Trifork Group, headquartered in Schindellegi, Switzerland, with offices in 11 countries in Europe and North America, is an international IT group focusing on the development of innovative software solutions. The group was founded in Denmark in 1996 and now has more than 800 employees in business units, focusing on three vertical business areas: Digital Health, FinTech and Smart Buildings and three horizontals: Cloud Operations, Cyber Protection and Smart Enterprise.
Swiss Steel Holding successfully completes contested CHF 247 million capital increase
Following the successful completion of the CHF 247 million capital increase of Swiss Steel Holding AG the newly issued shares started trading on SIX Swiss Exchange on 23 March 2021. This completed a contested and publicized process in which Swiss Steel Holding’s second largest shareholder Liwet Holding AG had initiated court proceedings and filed an application seeking to block the capital increase. By decision of 29 January 2021, the district court of Lucerne rejected Liwet Holding AG’s respective request. Liwet Holding AG also filed applications with the Swiss Financial Market Supervisory Authority FINMA and the Swiss Takeover Board, which were rejected by FINMA and the Swiss Takeover Board on 27 January 2021 and 5 March 2021, respectively. An appeal by Liwet Holding AG to FINMA against the Swiss Takeover Board’s decision of 5 March 2021 remains pending.

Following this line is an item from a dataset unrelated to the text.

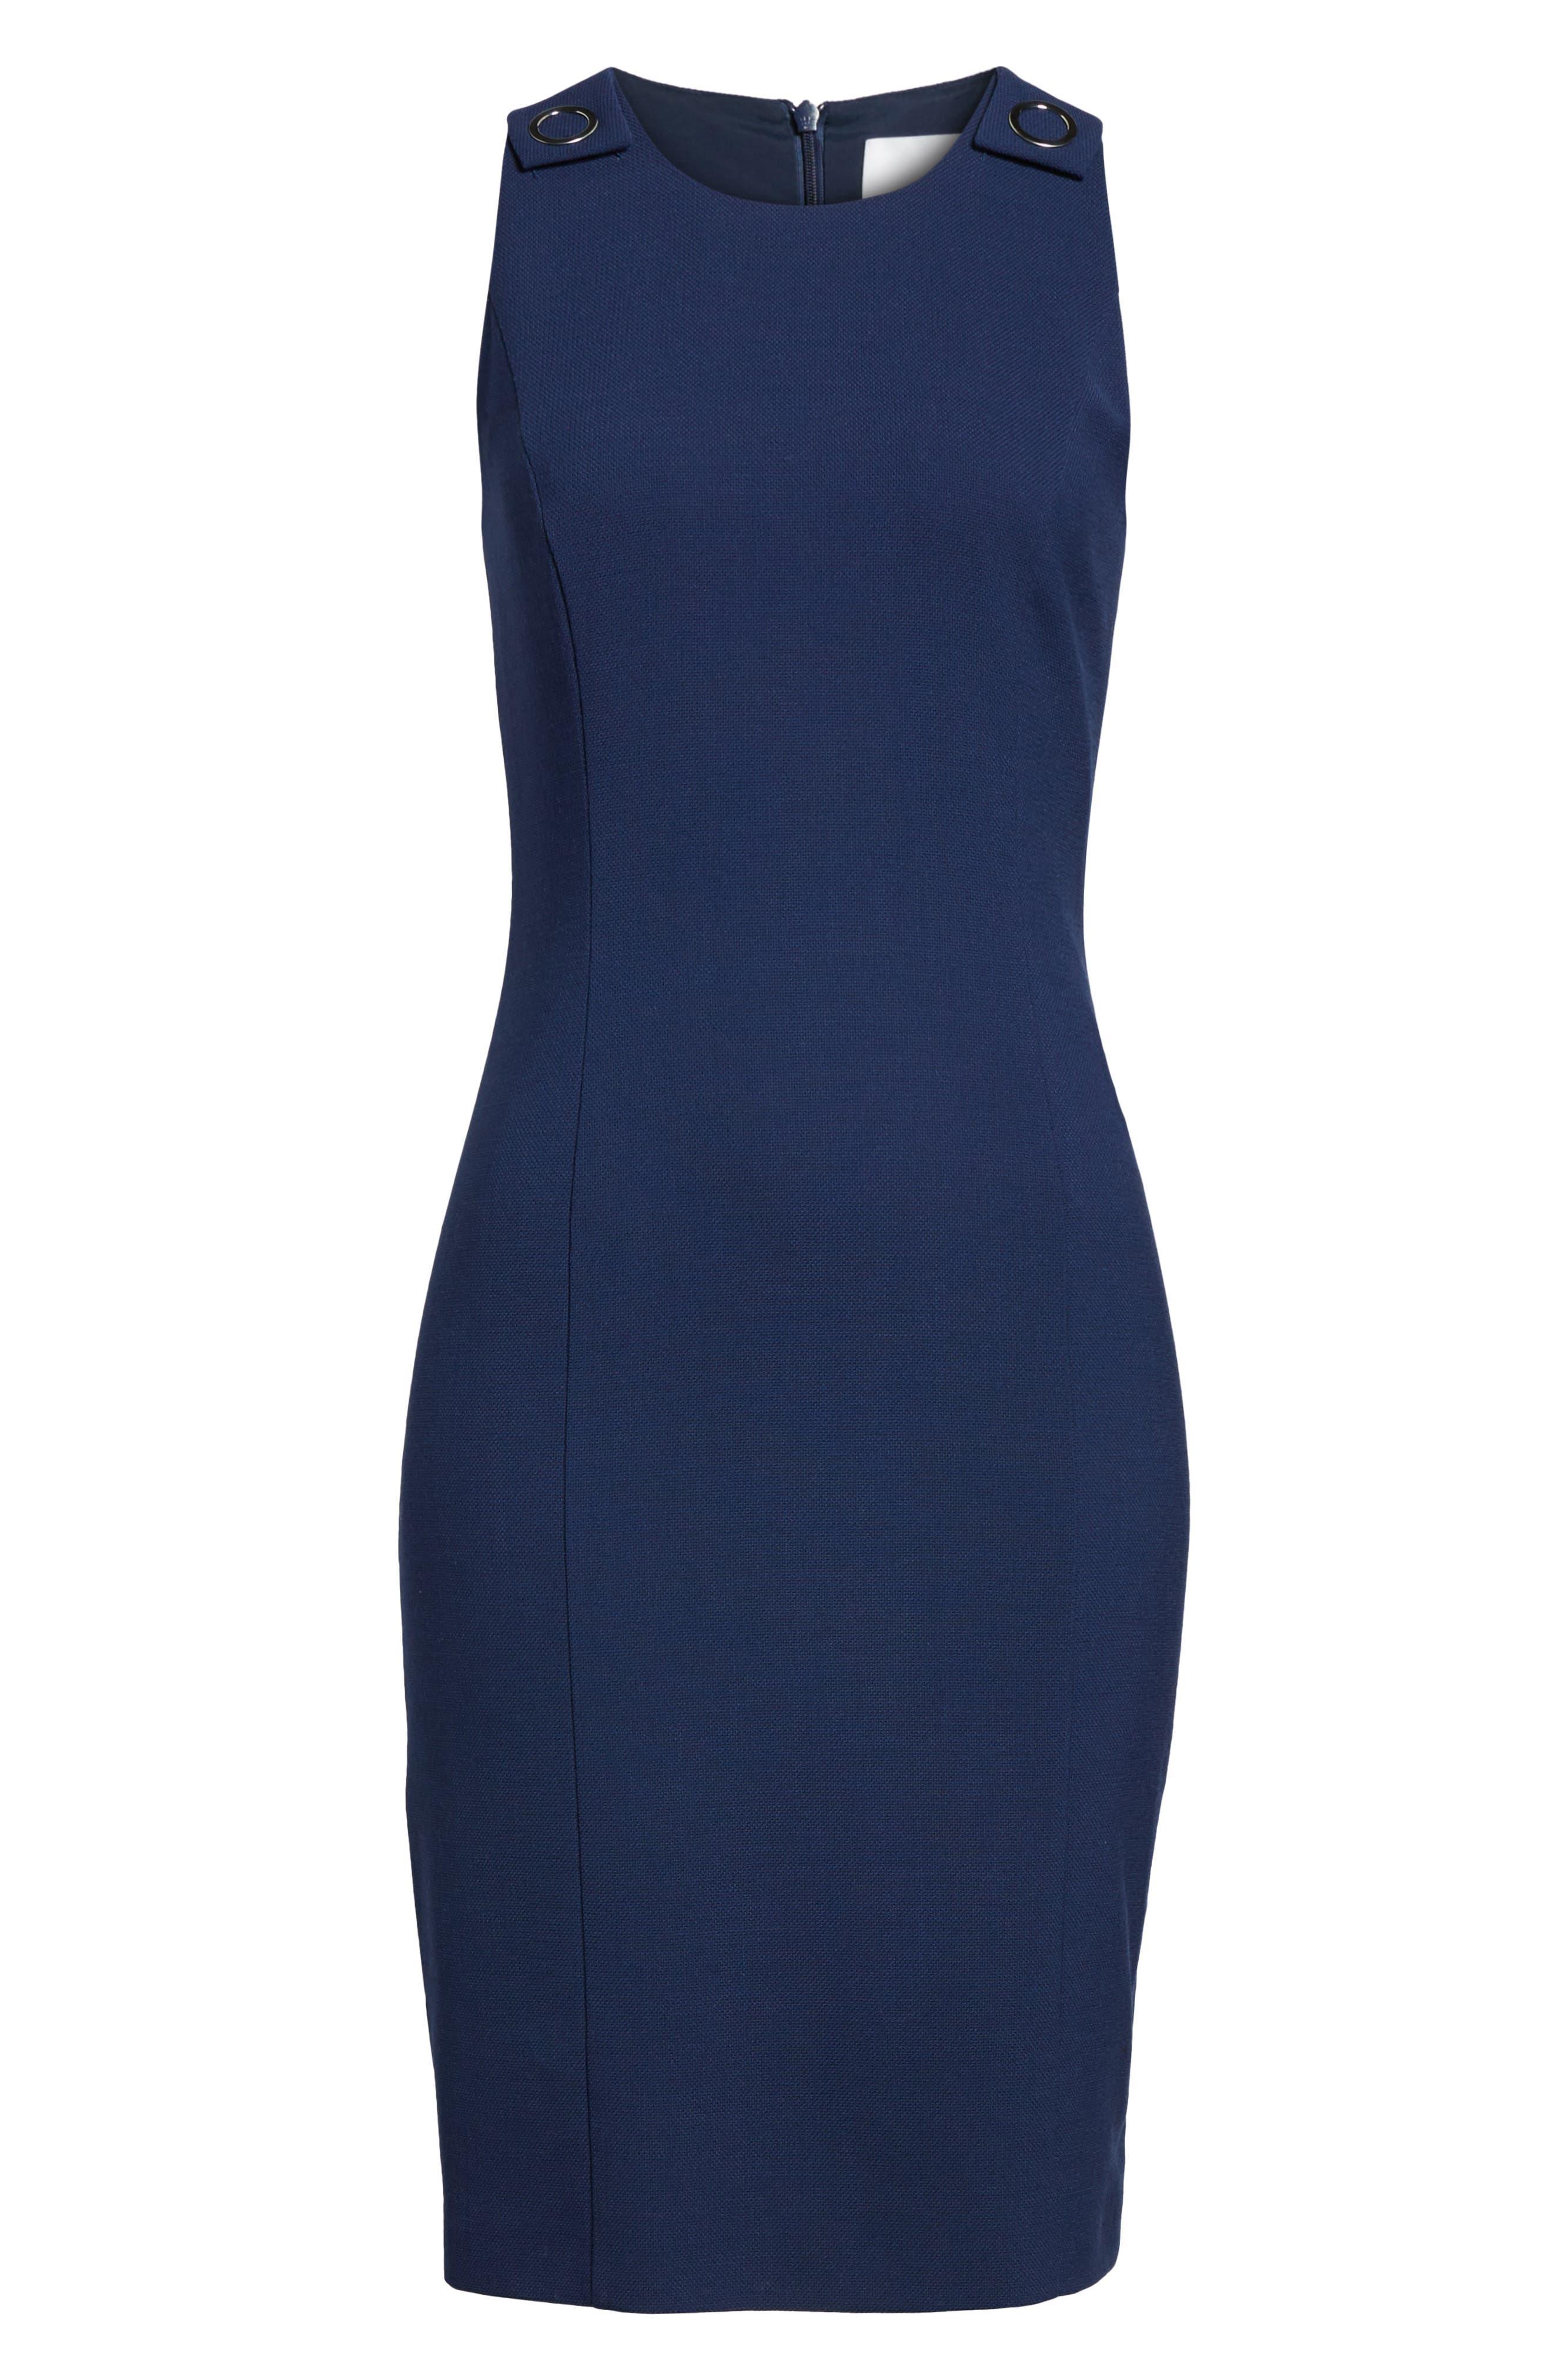 Dibalena Texture Stretch Dress,                             Alternate thumbnail 6, color,                             425

ARYZTA AG announced the disposal of its North American business to Lindsay Goldberg LLC
On 12 March 2021, ARYZTA AG (SWX: ARYN) announced that it has signed a definitive agreement to sell its North American business to Lindsay Goldberg LLC for a total enterprise value of USD 850 million. The transaction is expected to complete by the end of ARYZTA’s current 2021 financial year and is subject to closing conditions customary for this type of transaction.
Cicor with a new major shareholder
3 March 2021 – Cicor, a leading international technology company in the fields of printed circuit boards and hybrid circuits, printed electronics, microelectronics as well as EMS (Electronic Manufacturing Services), based in Boudry (Switzerland), has been informed that HEB Swiss Investment AG, Zurich, has sold all of its shares in Cicor Technologies Ltd. in a binding transaction to an investment vehicle of One Equity Partners (OEP). One Equity Partners (OEP) is a middle market private equity firm with over $8 billion in assets under management focused on transformative combinations within the industrial, healthcare and technology sectors in North America and Europe.